By Jamie Harris
In order to obtain confirmation of a Chapter 11 plan of reorganization, a plan proponent must demonstrate by a preponderance of the evidence that confirmation of the debtor’s plan is not likely to be followed by the liquidation, or the need for further financial reorganization, of the debtor or any successor to the debtor under the plan, unless such liquidation or reorganization is proposed in the plan. See 11 U.S.C. § 1129(a)(11). This requirement is commonly referred to as the “feasibility” requirement. Feasibility is fundamentally a factual question since it necessarily depends upon a determination of the “reasonable probability of payment.” In re Howard, 212 B.R. 864, 878 (Bankr. E.D. Tenn. 1997) (citing In re Foertsch, 167 B.R. 555, 566 (Bankr. D. N.D. 1994)). In order to be feasible pursuant to § 1129(a)(11), “[t]he plan does not need to guarantee success, but it must present reasonable assurance of success.” In re Made in Detroit, Inc., 299 B.R. 170, 176 (Bankr. E.D. Mich. 2003) (citing Kane v. Johns–Manville Corp., 843 F.2d 636, 649 (2nd Cir. 1988)), aff’d, 414 F.3d 576 (6th Cir. 2005). Importantly, “[t]he Code does not require the debtor to prove that success is inevitable, and a relatively low threshold of proof will satisfy § 1129(a)(11) so long as adequate evidence supports a finding of feasibility.” 7 Collier on Bankruptcy ¶ 1129.03 (15th ed. rev.2006) (quoting Computer Task Group, Inc. v. Brotby (In re Brotby), 303 B.R. 177, 191 (9th Cir. BAP 2003)). See also In re Brice Road Developments, L.L.C. 392 B.R. 274, 283 (6th Cir.BAP (Ohio) 2008).

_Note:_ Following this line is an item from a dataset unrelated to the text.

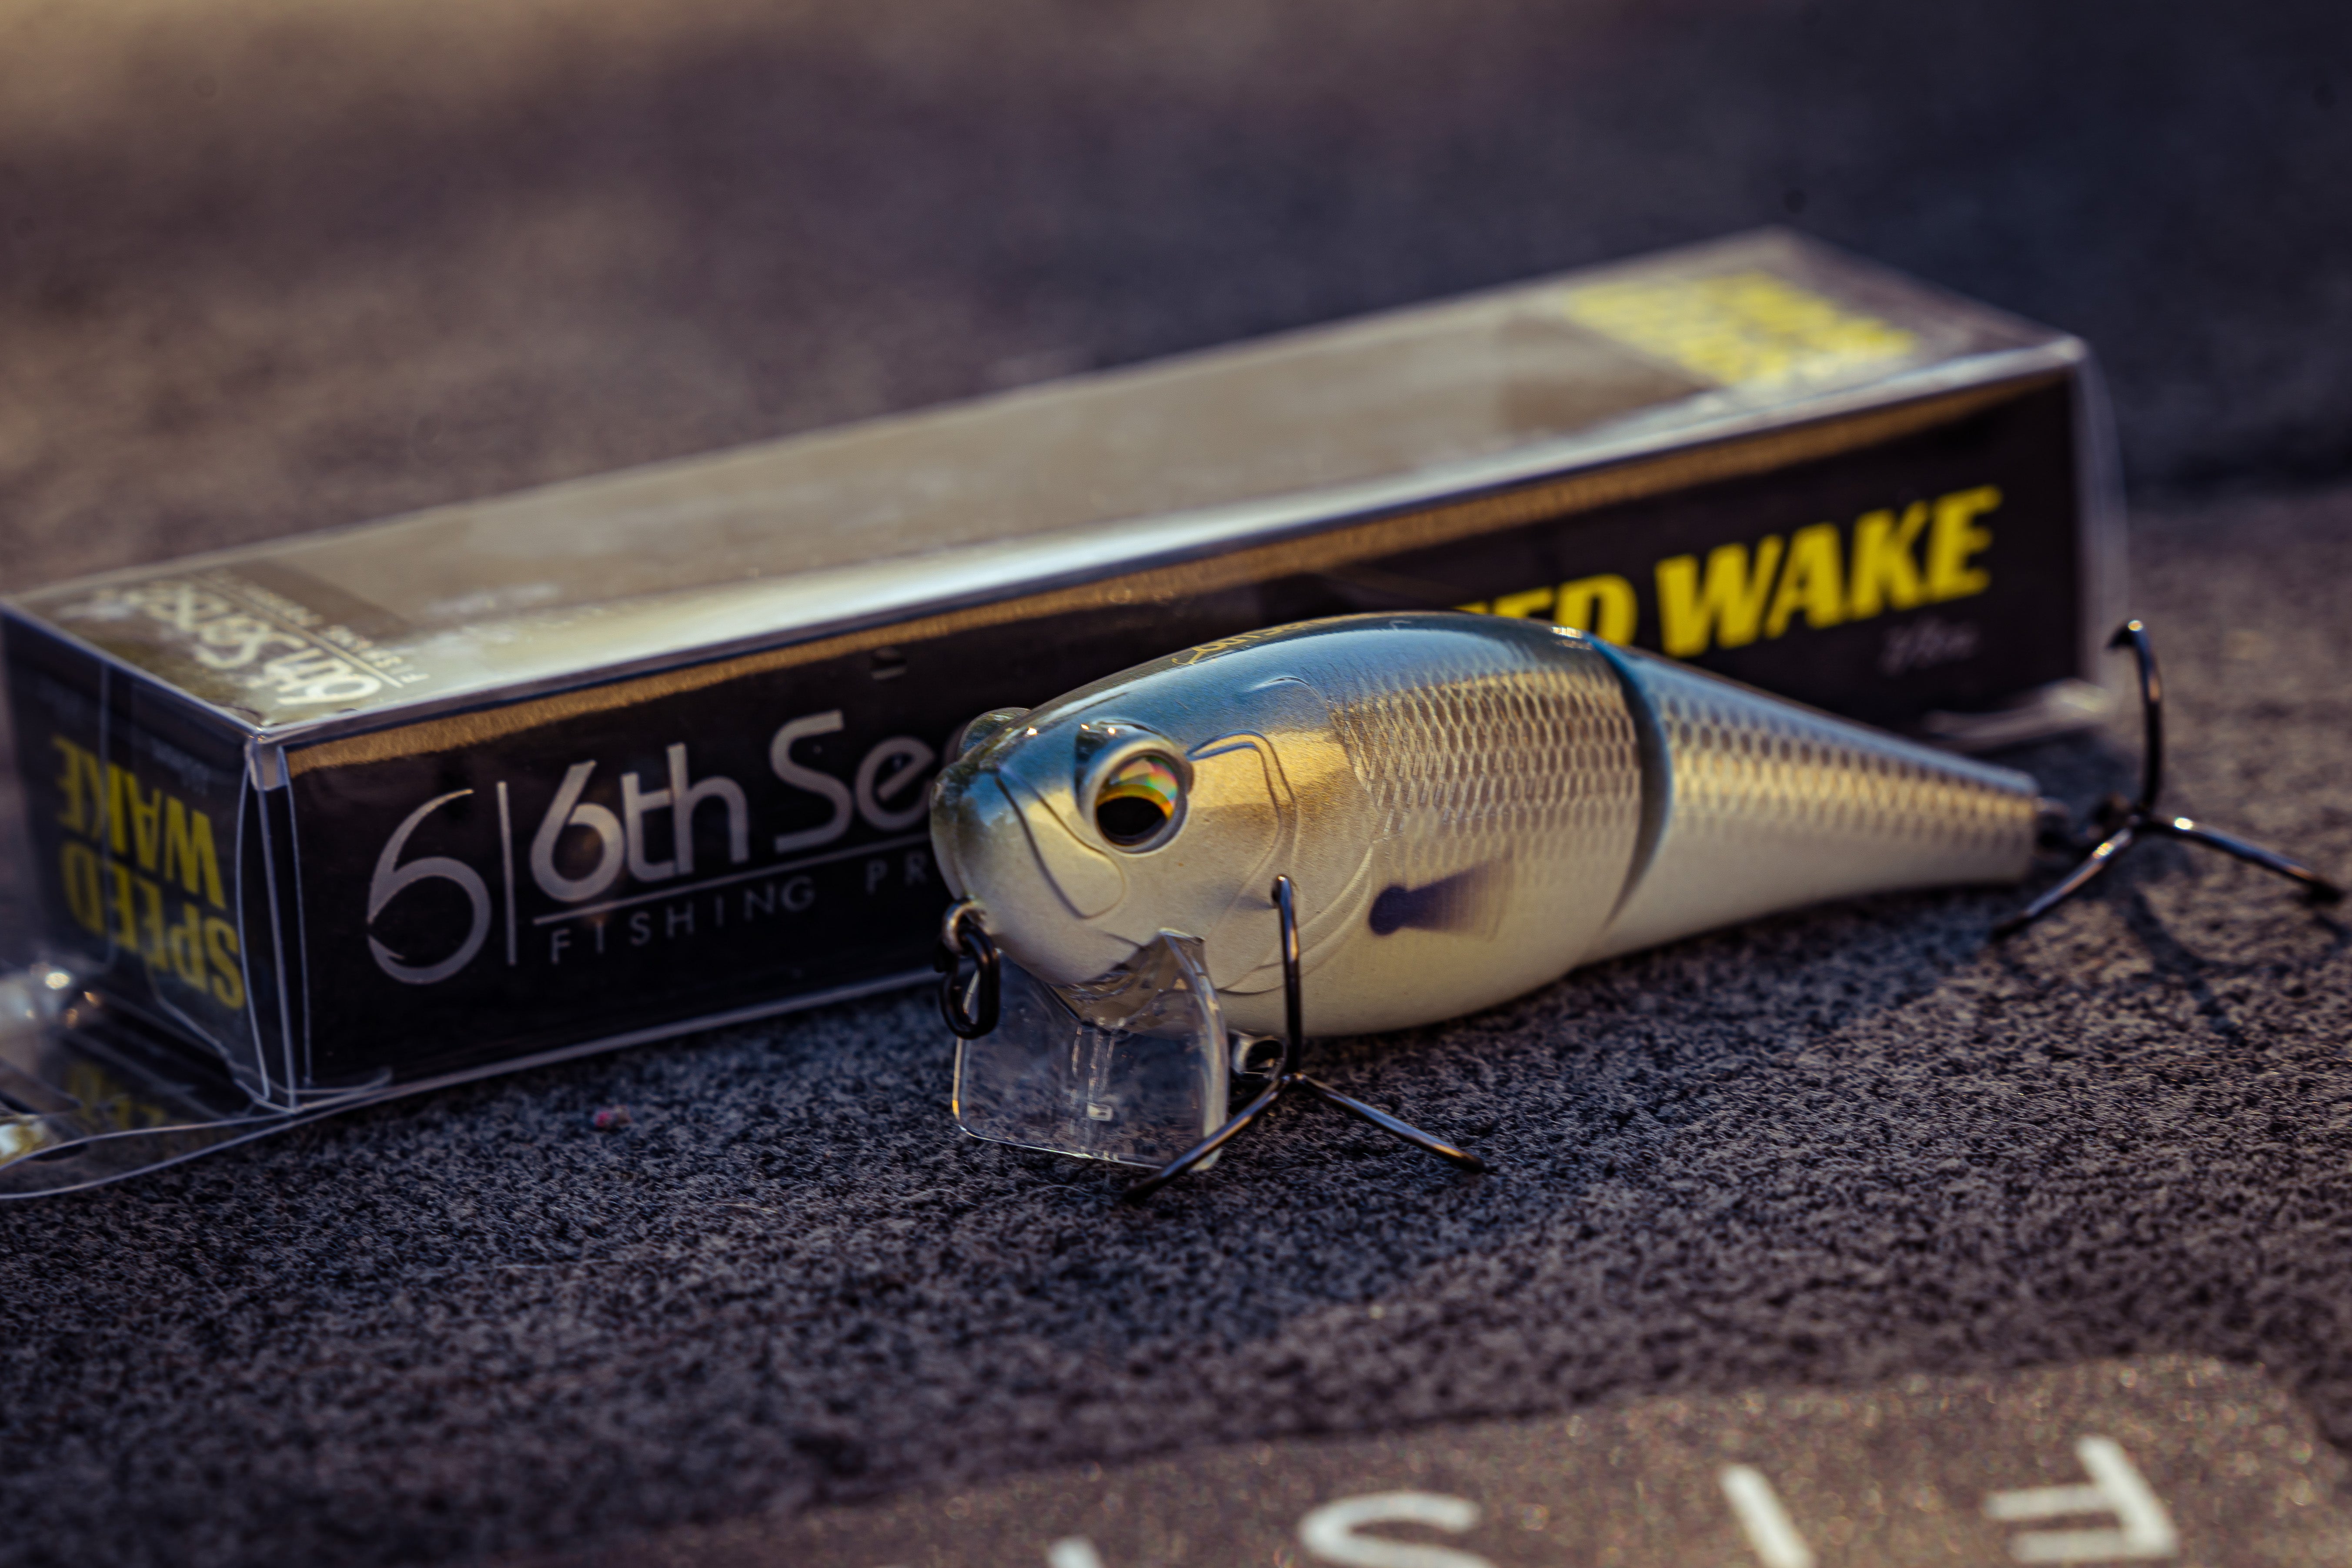 6th Sense Fishing Speed Wake - Shallow - Crankbait - Wakebait - Bass Lure

In determining if a plan is feasible, the “inquiry is peculiarly fact intensive and requires a case by case analysis, using as a backdrop the relatively low parameters articulated in the statute.” In re Eddington Thread Mfg. Co., 181 B.R.826, 833 (Bankr.E.D.Pa.1995). “A ‘relatively’ low threshold of proof’ will satisfy the feasibility requirement.” Mercury Capital, 354 B.R. at 9 (quoting Computer Task Grp., Inc. v. Brotby (In reBrotby), 303 B.R. 177, 191 (9th Cir. BAP 2003)). In order to establish feasibility, a plan proponent should include financial projections that are sound and reasonable and disclose any assumptions for the financial projections. A discussion of the debtor’s historic and current financial performance in bankruptcy will also support a finding of feasibility. If there are financing contingencies, attach evidence of financing approval; however, some courts have approved confirmation of plans where the terms of required financing were not yet finalized. See, e.g., In re Global Ocean Carriers Ltd., 251 B.R. 31, 46 (Bankr. D. Del. 2000) (rejecting position that plan was not feasible because there was no final documentation of the exit financing). While feasibility is generally considered to be proven by a relatively low threshold of proof, it is one of the most common creditor objections to Chapter 11 plan confirmation. As a result, a debtor should be prepared to present witness testimony or other evidence at a contested confirmation hearing in order to establish that its financial projections are sound and reasonable and that its plan presents a reasonable assurance of success.